Social Network Perspective
Social network data contain records of who is connected to whom. Crucially, the patterns of connections for individuals are extremely diverse. Combining all these records together creates a social network of all the nodes and all their relationships. These can be visualized to illustrate patterns or analyzed using algorithms to identify individuals who occupy important positions, reveal groups, or understand how the network changes over time. Social networks require a shift in perspective, new types of data, and new approaches for analysis compared to traditional analytics.
A social network perspective requires abandoning some of the core assumptions in traditional analytics:
Data about relationships between individuals are often more important than data about the individuals themselves.
Individual nodes can be directly connected, indirectly linked, or completely unconnected from other nodes.
Some nodes have considerably more connections than other nodes.
Some parts of the network clump together into tightly-knit clusters.
Traditional analytical approaches take each individual user as an atom, separate and independent: my height doesn’t depend on the height of my close friends. In many contexts this individualistic assumption is an appropriate. But in the vast majority of applications, it’s incomplete or just wrong. A social network perspective says my connections to others influence my own behavior: research has shown that my weight is actually influenced by the weight of my close friends. Ignoring these relationships obscures important processes of how information and influence travels between individuals over these relationships.
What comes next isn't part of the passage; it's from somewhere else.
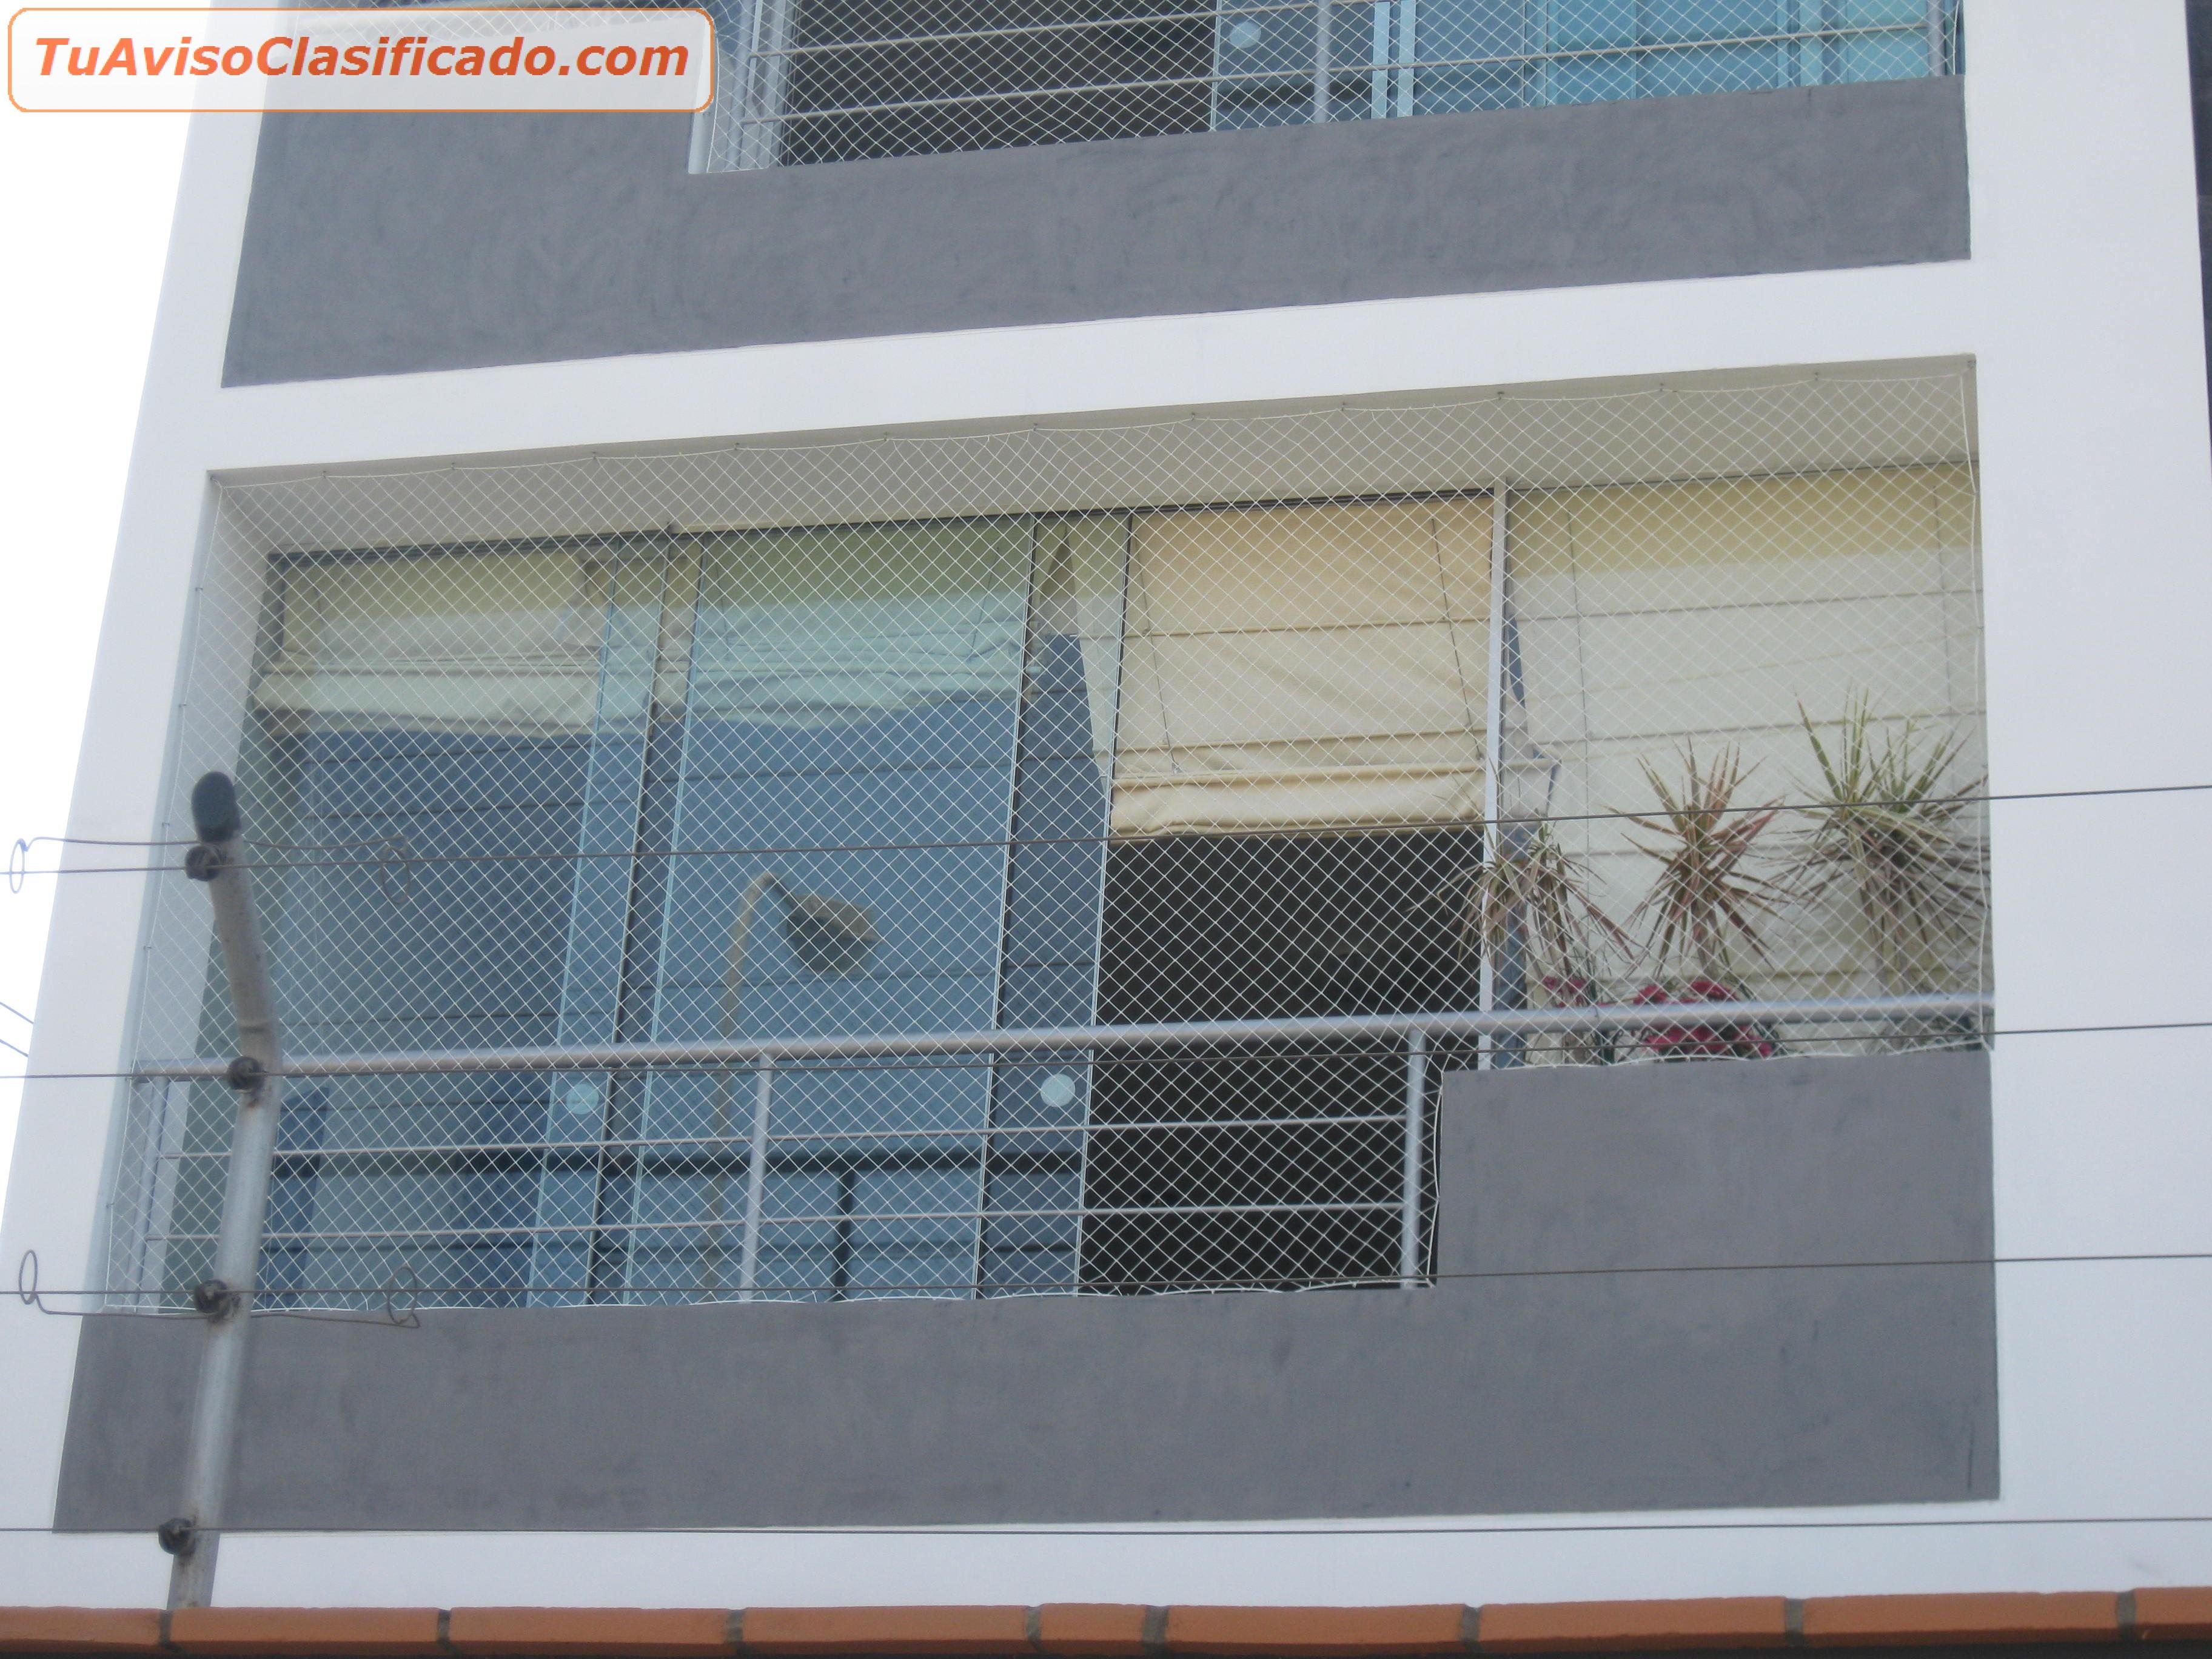 Mallas de seguridad protectoras para ni os en piscinas - Malla para balcones ...
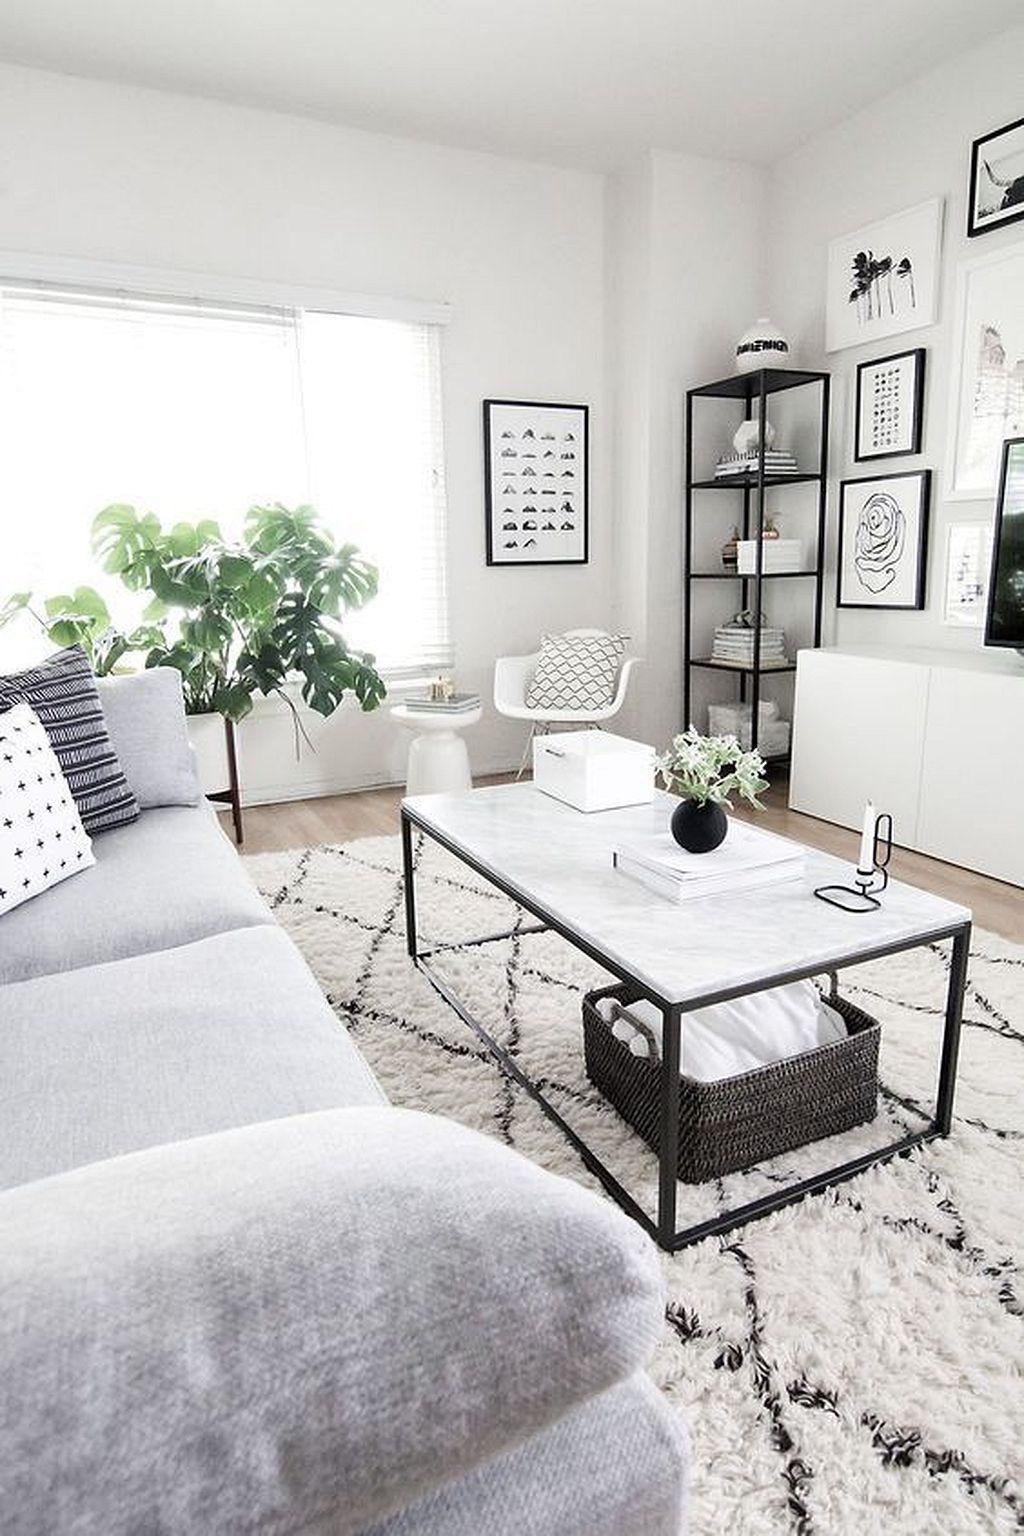 Amazing 30 Amazing Apartment Living Room Decorating Ideas Https

The data to be collected for social network analysis must reflect observations about relationships. Who is friends with whom? Who teams up with whom? Who buys what? Who plays where? These types of relationships are pervasive in many types of data but the relational implications are often overlooked. Fortunately, tools for social network analysis are widely-available even if they are not widely-adopted. Algorithms that replicate Google’s PageRank to identify relevant webpages can also be applied to social networks to identify influential individuals. Algorithms that replicate Facebook’s EdgeRank to rank content on the NewsFeed can also be applied to other social network data to recommend products to new customers. The key insight is that the value of these data comes from the patterns of relationships between people--not the properties of the people themselves. Most analytics stop at the individual and never examine the web of connections that tie them together.